━━━ DATA SECTION

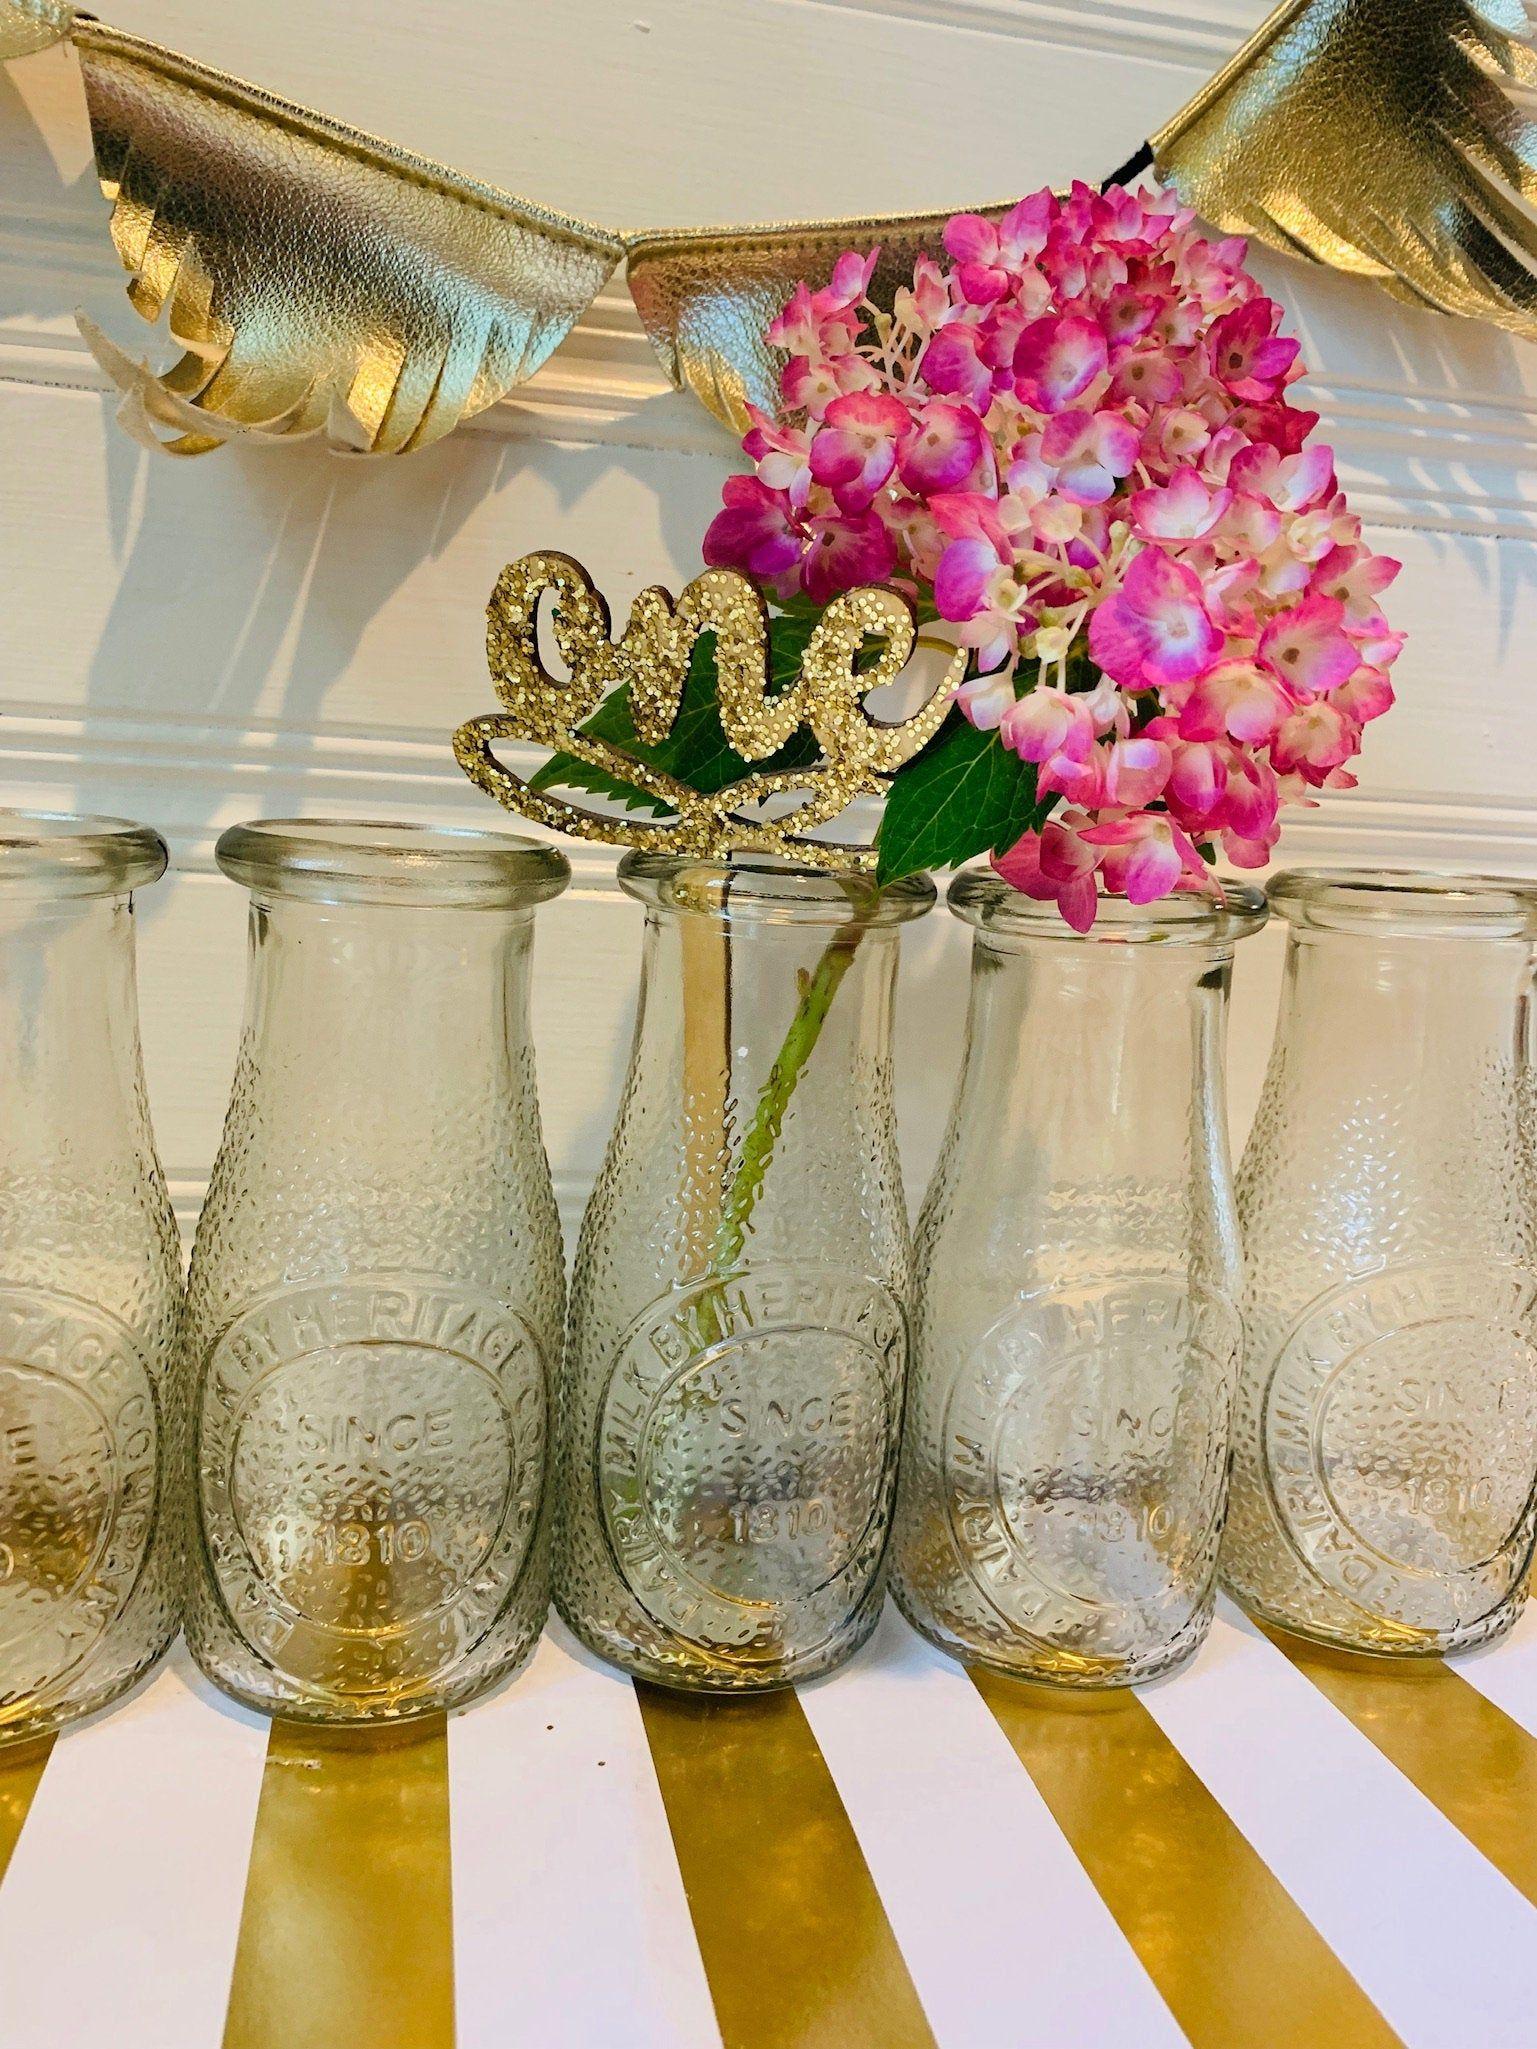 Retro Vintage Small Milk Bottle Bud Vases Bulk Wedding Centerpieces Cheap Glass Vases Small Milk Bottles Glass Vases Centerpieces
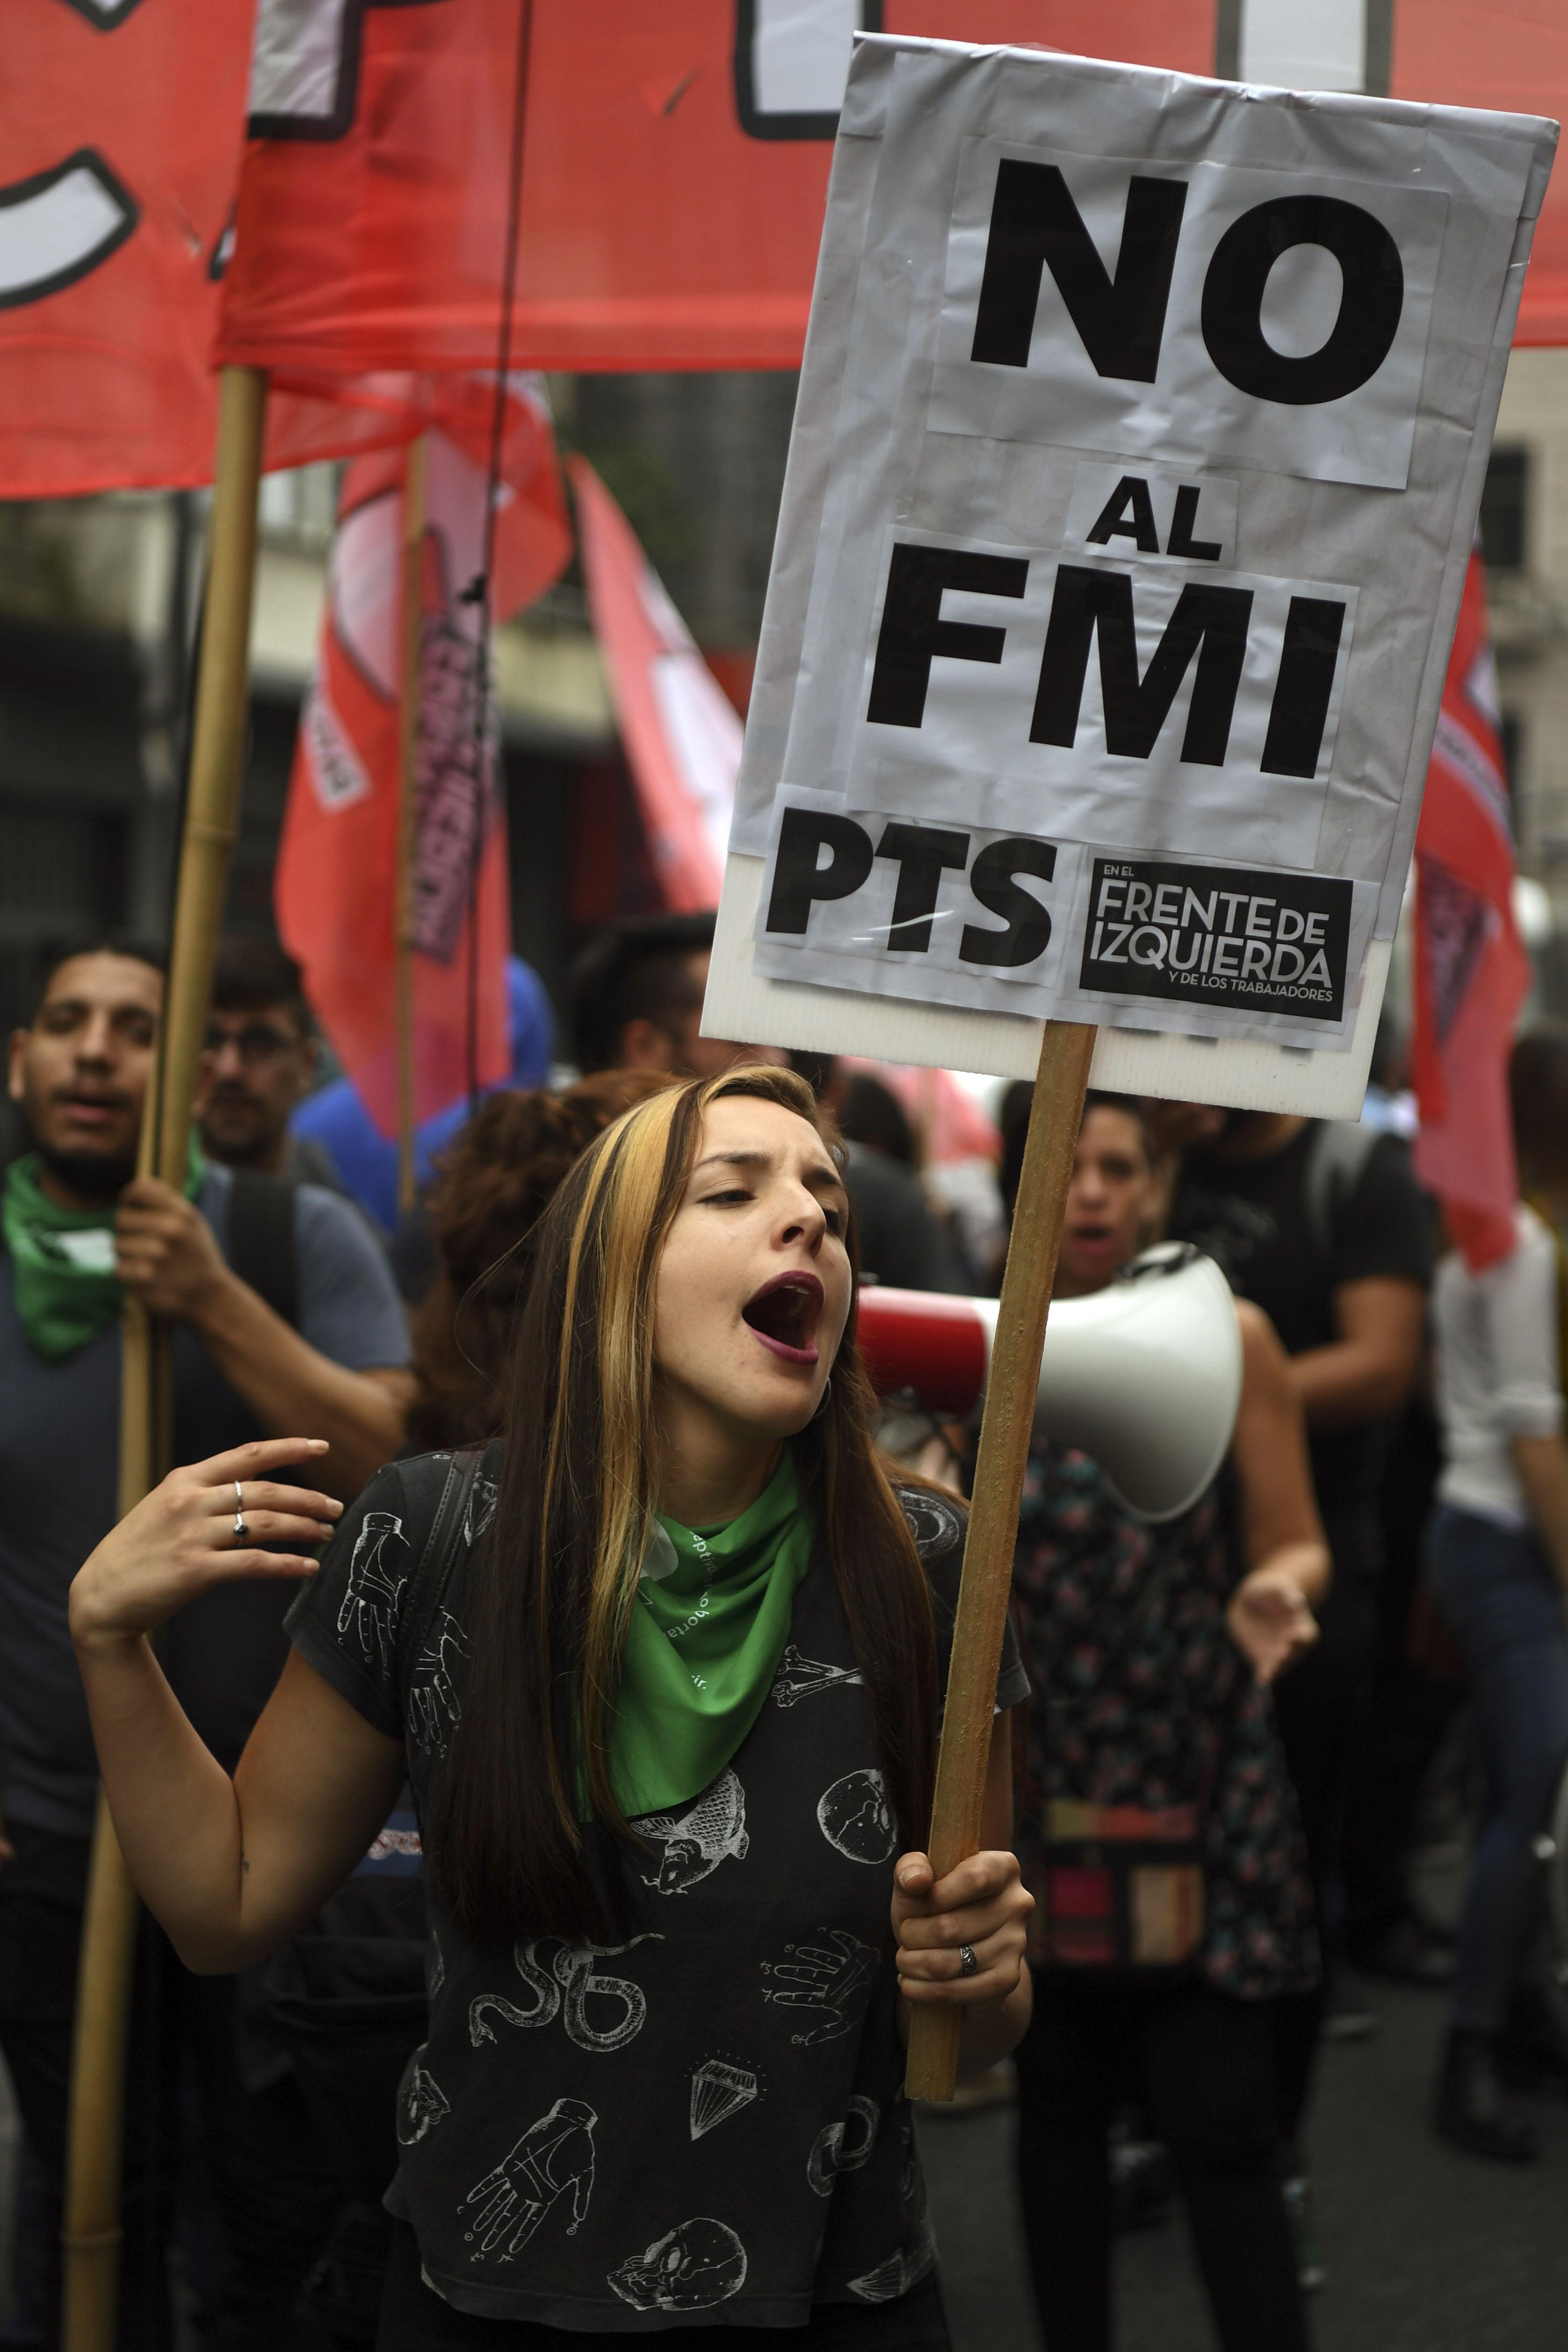 تظاهرات ضد مفاوضات الحكومة مع صندوق النقد
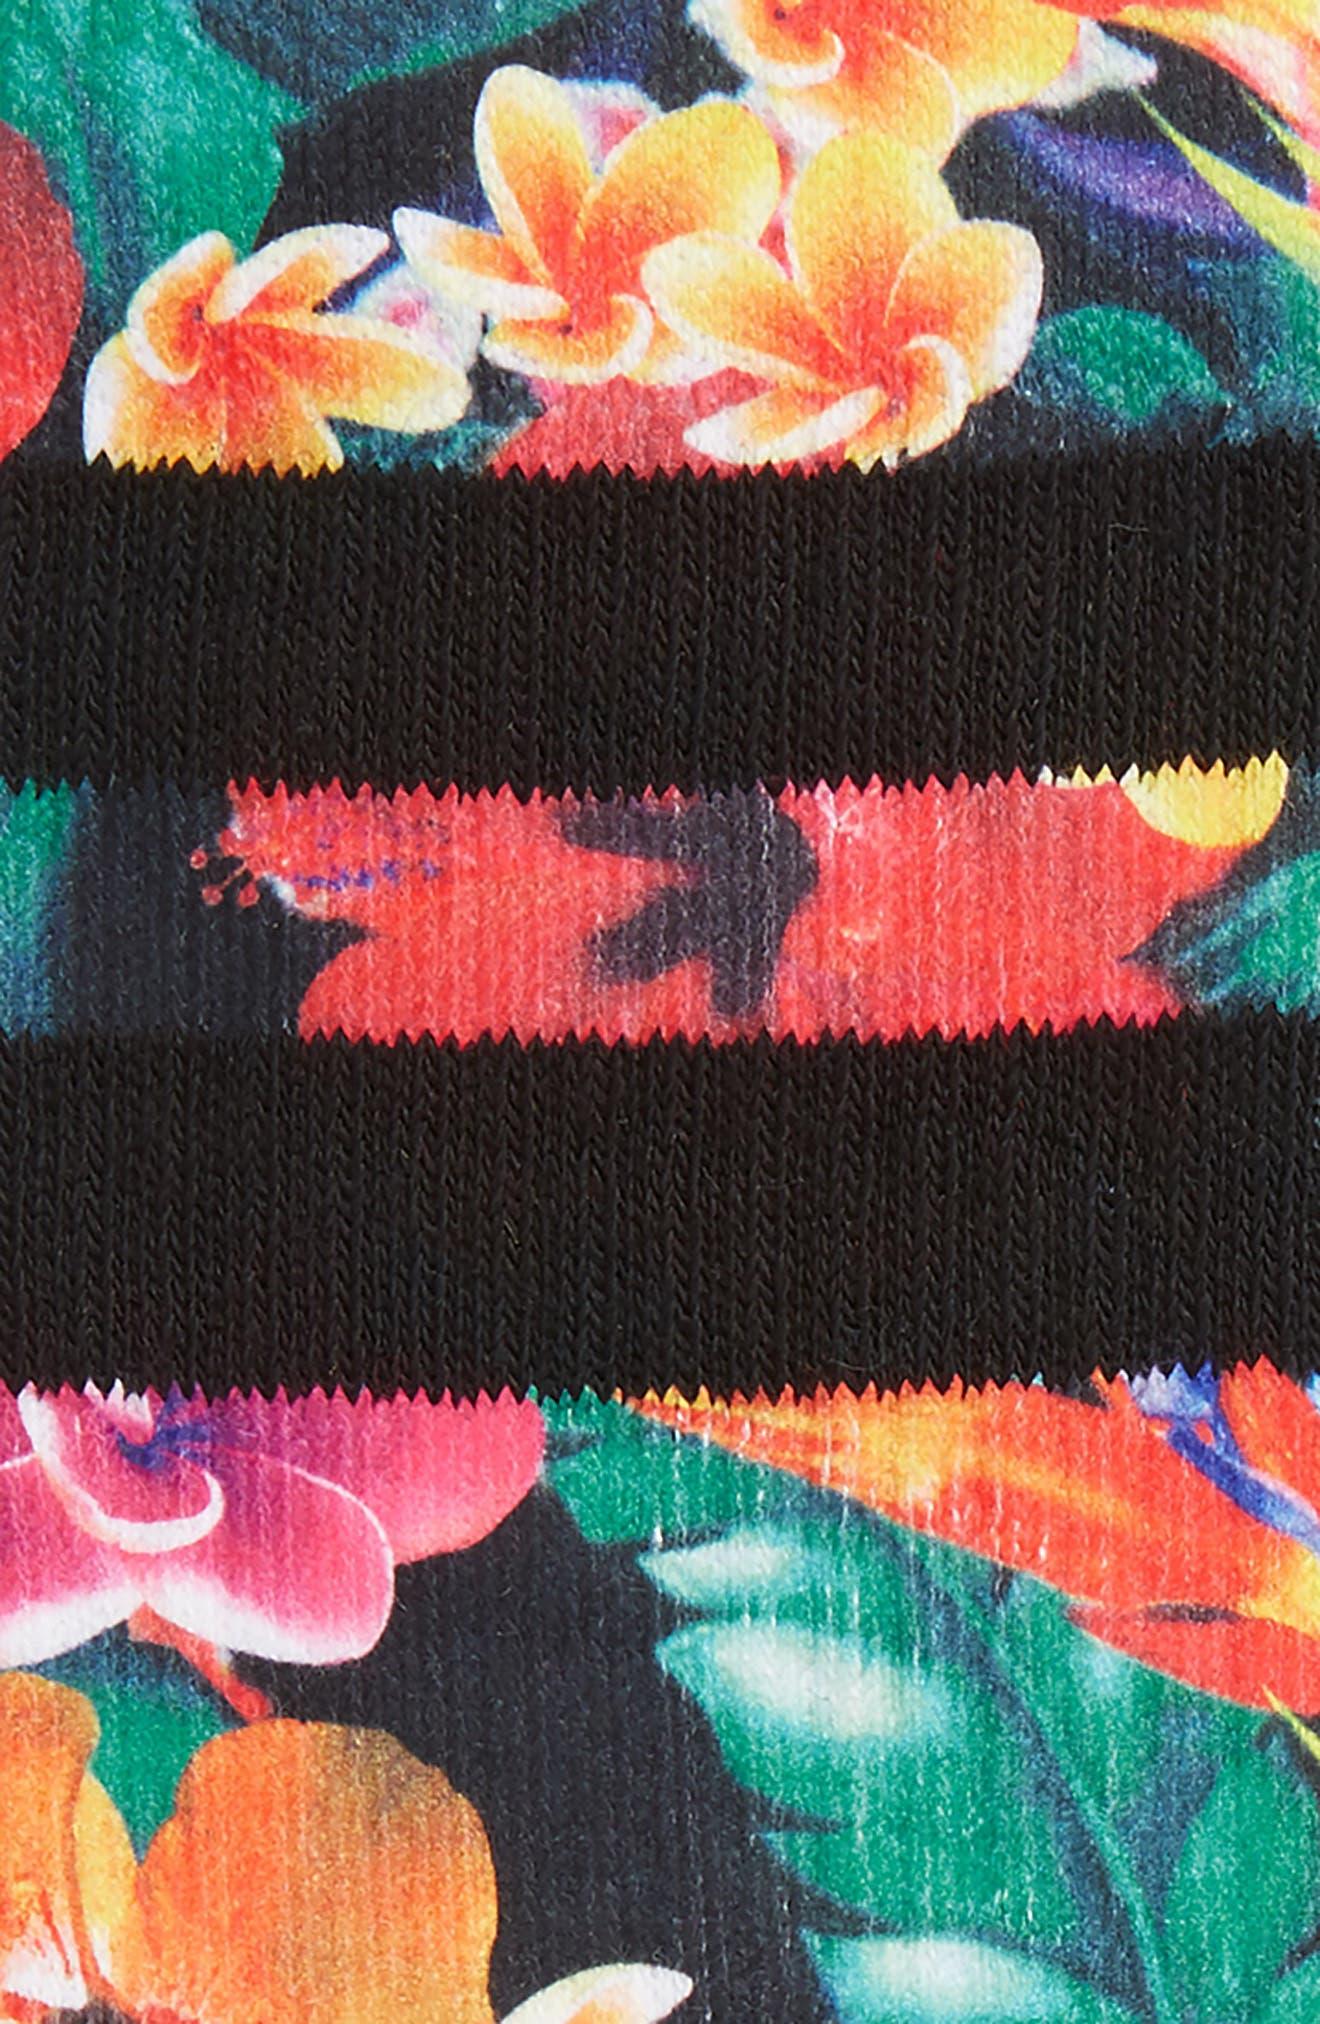 Pau Floral Socks,                             Alternate thumbnail 2, color,                             GREEN MULTI

━━━━━━

== PROBLEM STATEMENT ==
A word-for-word repeat of the lines from the line with "تظاهرات ضد مفاوضات الحكومة مع صندوق النقد" to the last line of the data, both ends included and pictures left out, is all that should appear.

== RESULT OF THE EXERCISE ==
 تظاهرات ضد مفاوضات الحكومة مع صندوق النقد
 Pau Floral Socks,                             Alternate thumbnail 2, color,                             GREEN MULTI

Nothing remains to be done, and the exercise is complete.